Zenovia had not just been Irene’s mother. She had been her closest friend, the person she turned to when things got hard, the one who had helped her find her footing after losing her hearing at three and a half years old. She was the person who told Irene, on difficult days, to stop worrying about other people and stay close to God. Losing her, even gradually, even while she was still present and sharp in her mind, was a different kind of loss.
The Hoyer lift was hard. The midnight check-ins were exhausting. Watching her mother’s health begin to decline in the third year was painful in a way that no amount of preparation could have softened. Zenovia Tunanidas passed away on January 2, 2007. When she was gone, the grief that followed did not come out of nowhere. It had been building quietly for three years, one hard day at a time.

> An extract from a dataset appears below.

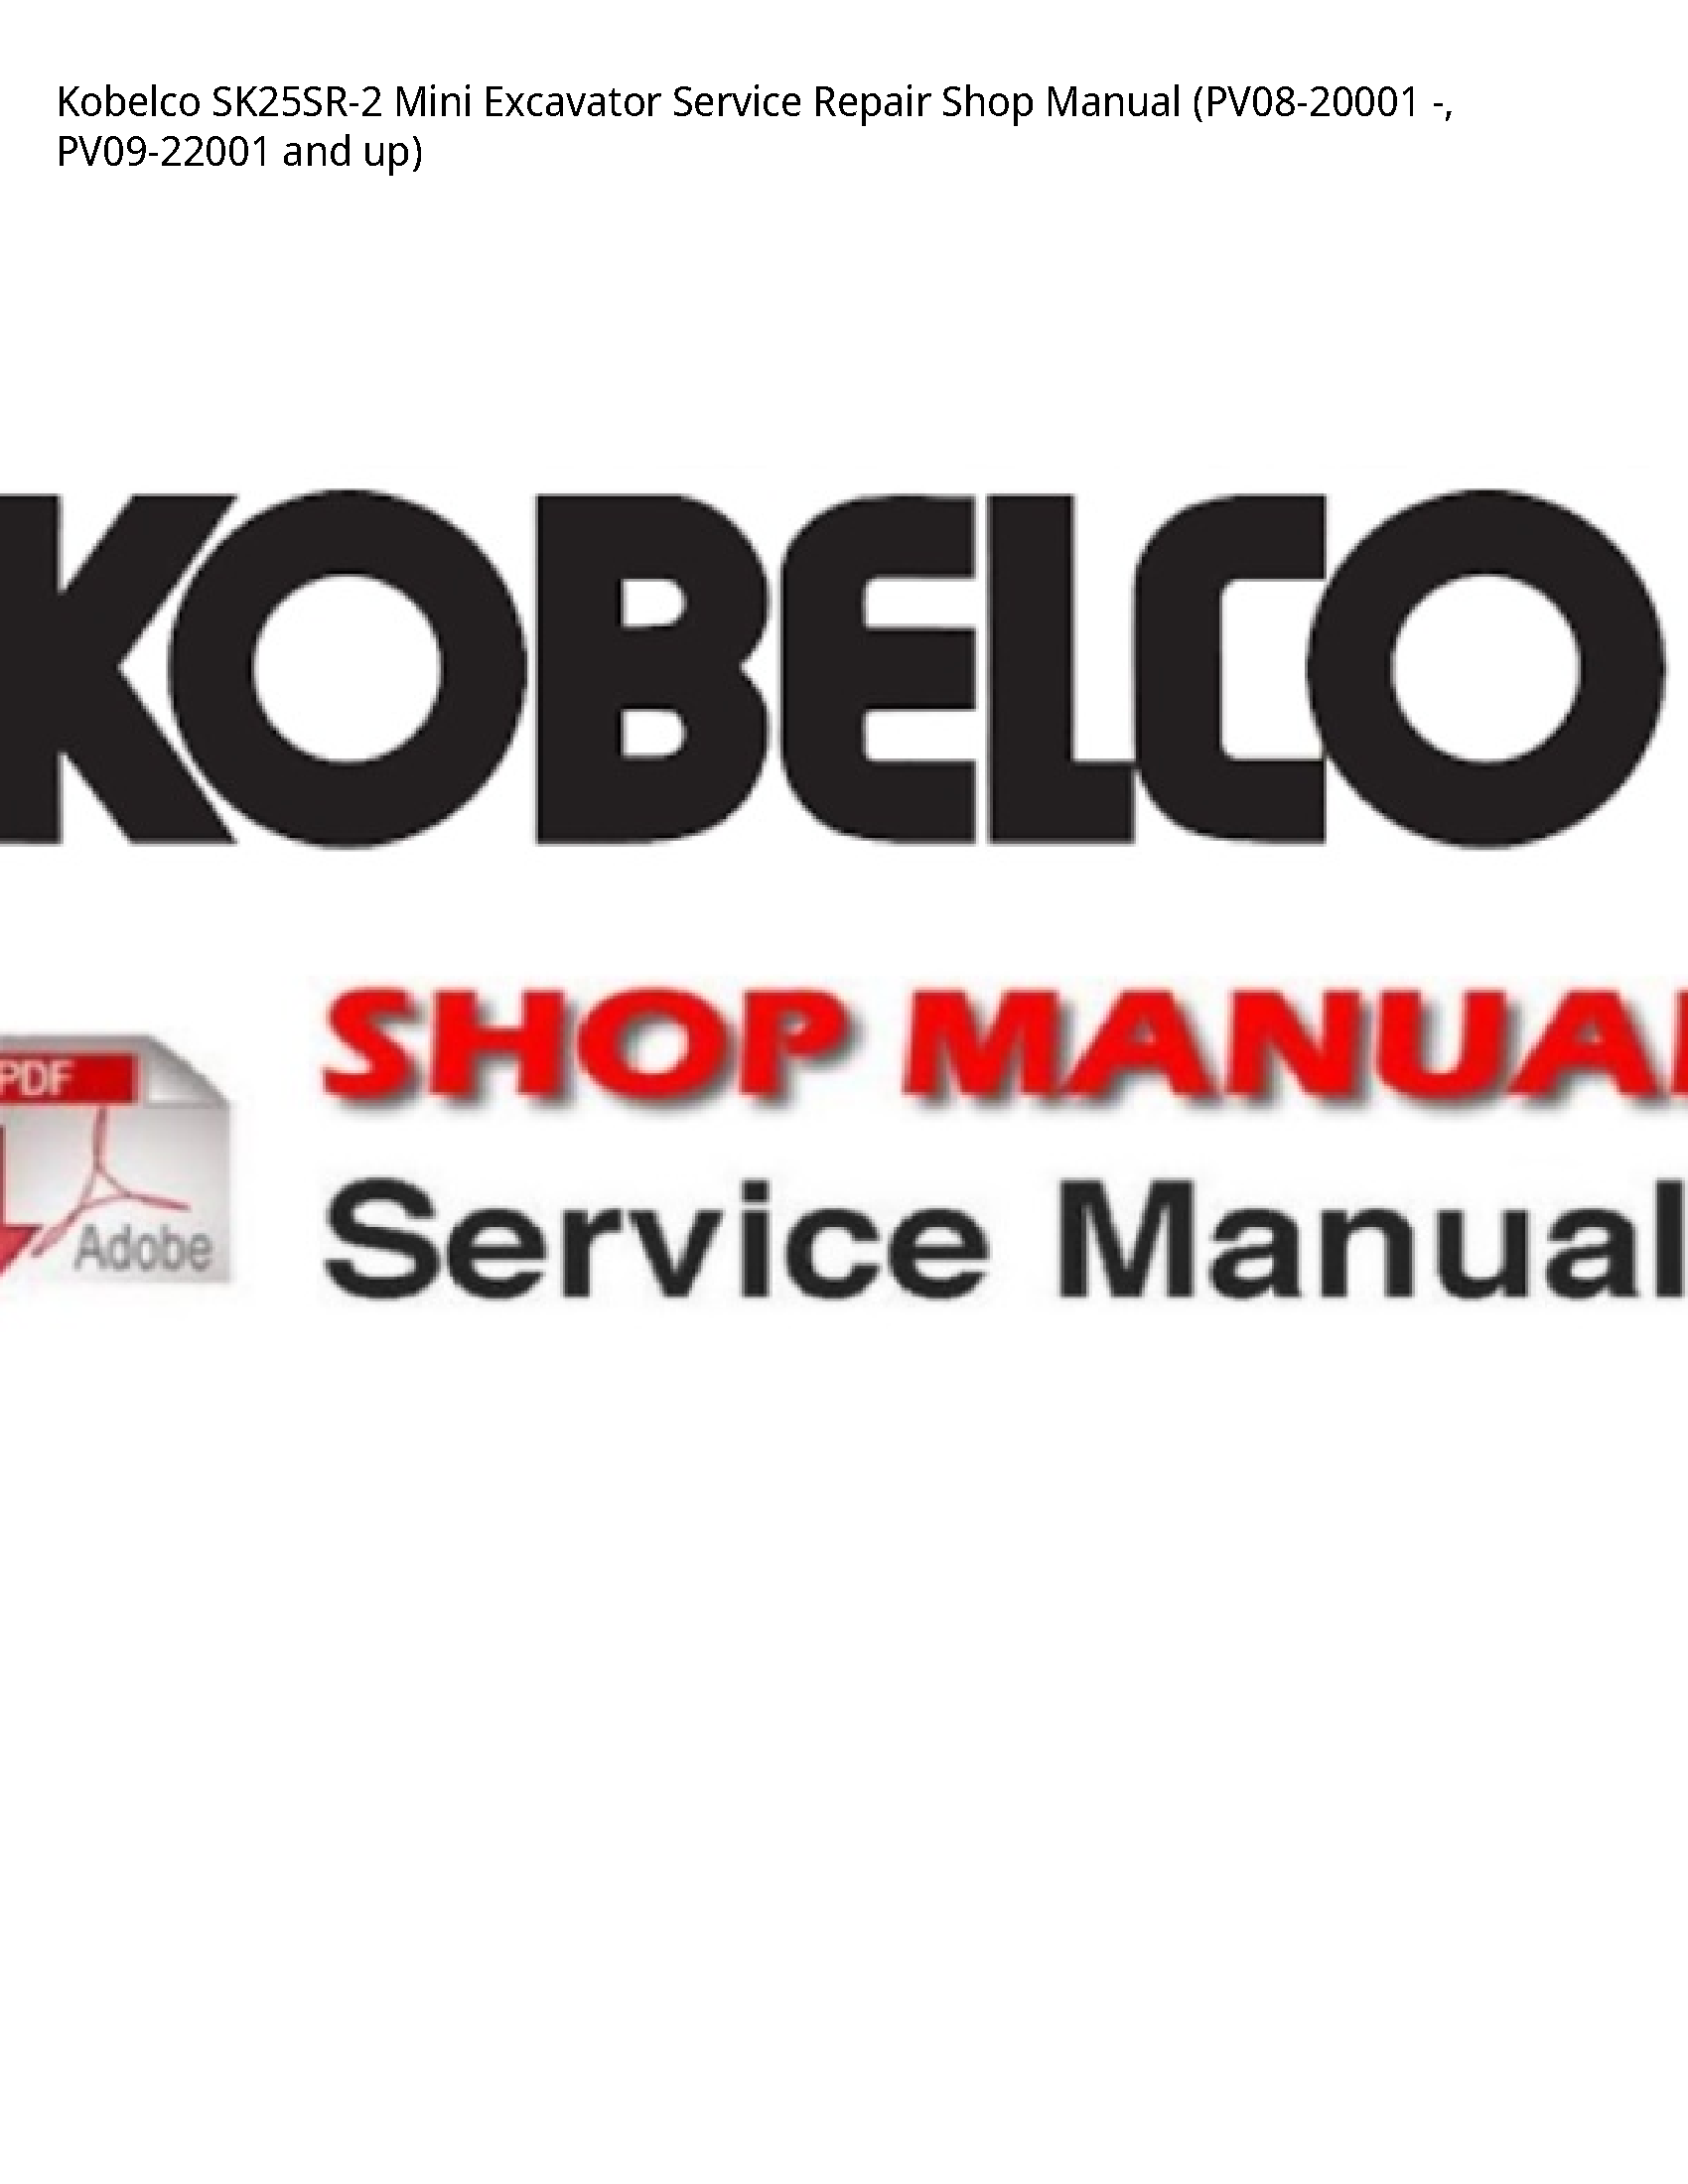 Kobelco SK25SR-2 Mini Excavator manual

The Answer to a Question She Had Stopped Asking
Irene Tunanidas was told at seventeen that she could not be a nurse. Decades later, without planning for it, she became one in every way that matters. She managed medications, equipment, nutrition, and wound care. She sat through the nights. She kept her mother alive and comfortable for three full years.

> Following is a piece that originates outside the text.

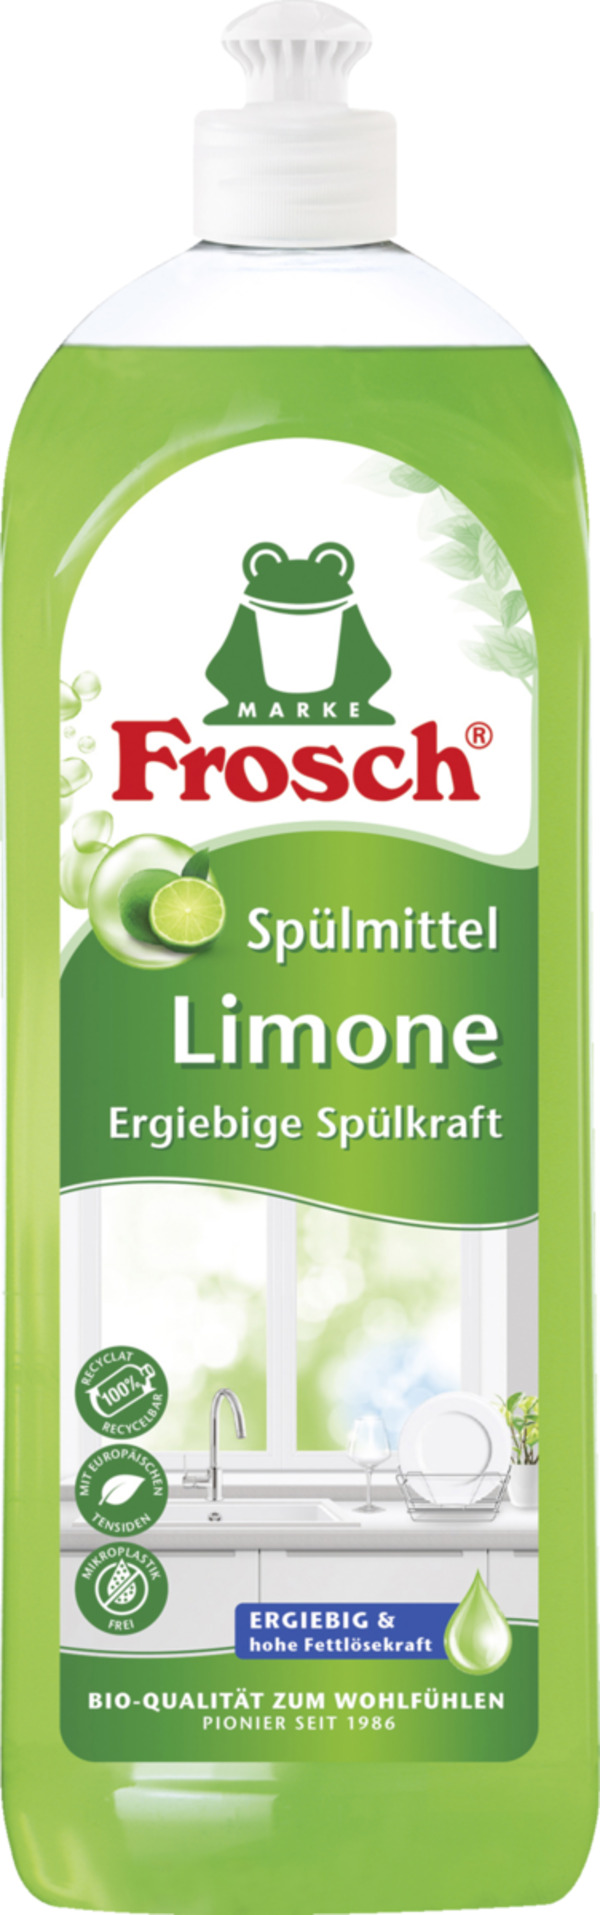 Bild 1 von Frosch Limone Spülmittel

It was not the career she had pictured as a teenager. There was no license, no hospital, no salary. What there was instead was a level of care and commitment that most trained professionals would recognize immediately. She did the work because it was her mother, and because no one else was going to do it, and because it turned out that the instinct she had at seventeen had never really gone away.

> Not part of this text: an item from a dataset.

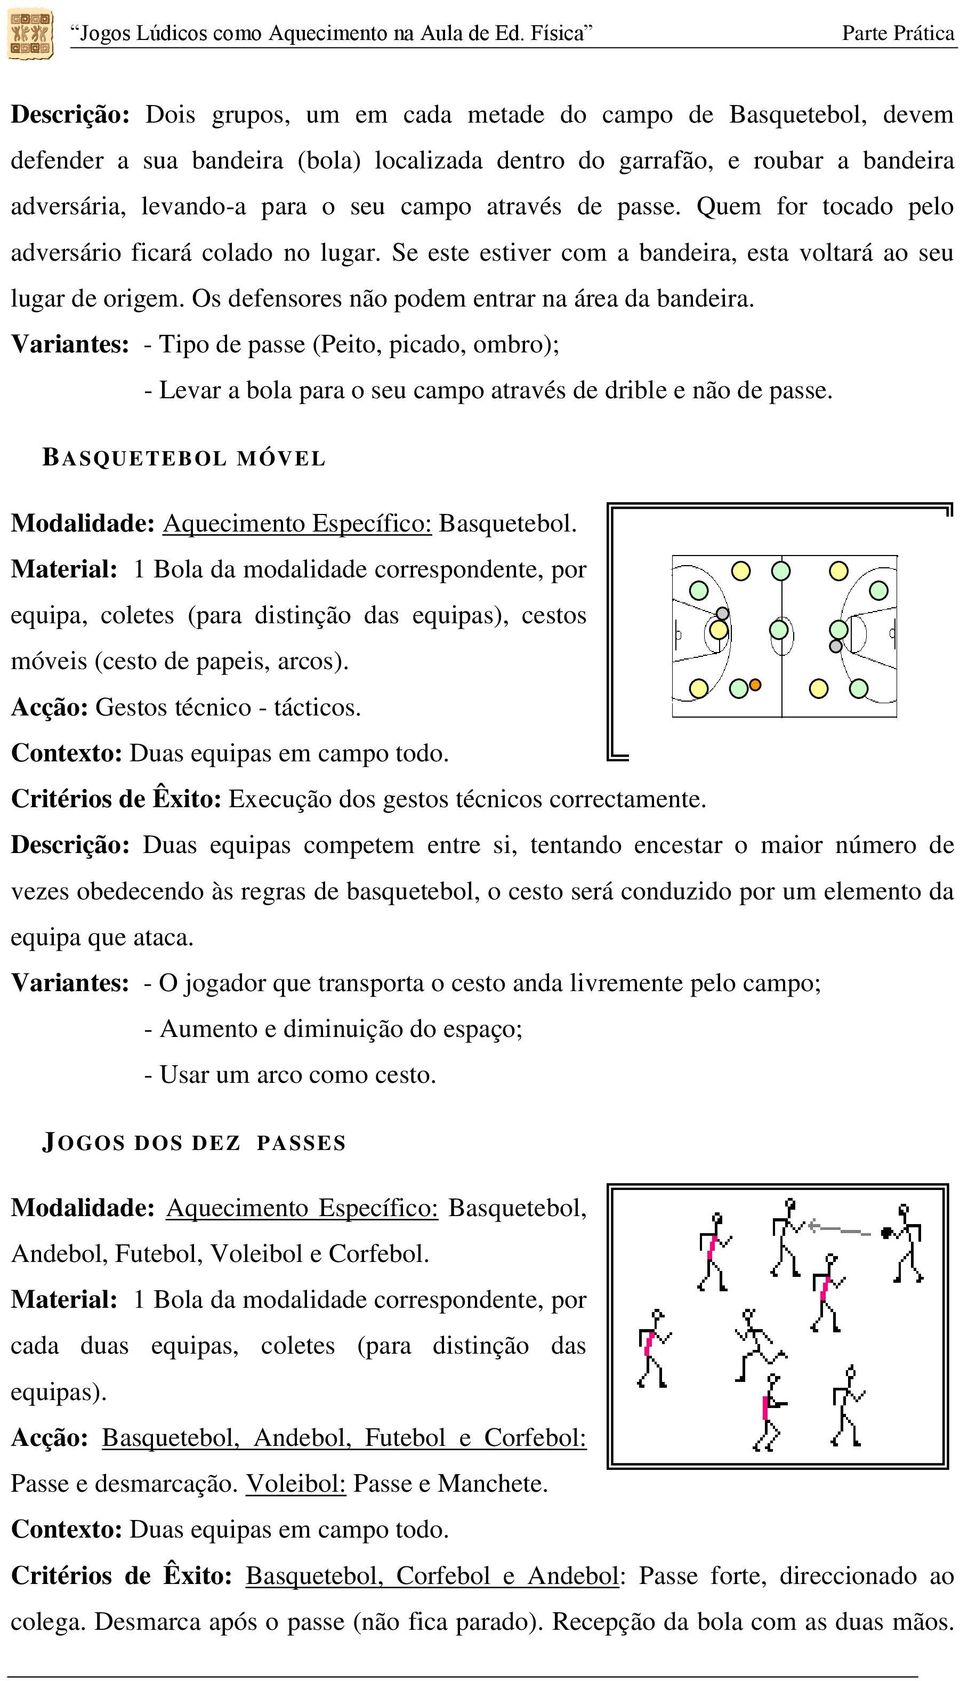 Jogos Lúdicos como Aquecimento na Aula de Ed. Física - PDF Free Download

Some things take a long time to come back around. When they do, they rarely look the way you imagined them. But they come back.

What Three Years of Caregiving Eventually Became
Rising From the Abyss of Grief was not written from a place of resolution. It was written by someone who knows exactly what it costs to give everything you have to another person and then lose them anyway. Irene does not dress that up. She writes about grief the way she lived caregiving, without shortcuts, without pretending any of it was easier than it was. For anyone who has watched a parent disappear slowly and then had to figure out who they were afterward, this book does not offer a neat answer. It offers something more useful. It tells you that the person sitting across from you in that experience is not as alone as they feel.
[H2] On Air with WDTN-TV’s Living Dayton
Irene Tunanidas’s story has found audiences she did not go looking for. Earlier this year, she was featured on WDTN-TV’s Living Dayton, a segment that brought her life and work to a regional television audience for the first time. The feature did not focus on her as a figure of tragedy or triumph. It presented her as what she is: a woman who made a series of difficult choices across a difficult life and came out the other side with something worth saying. For a story rooted so deeply in private duty and private grief, the public attention has been a quiet kind of recognition.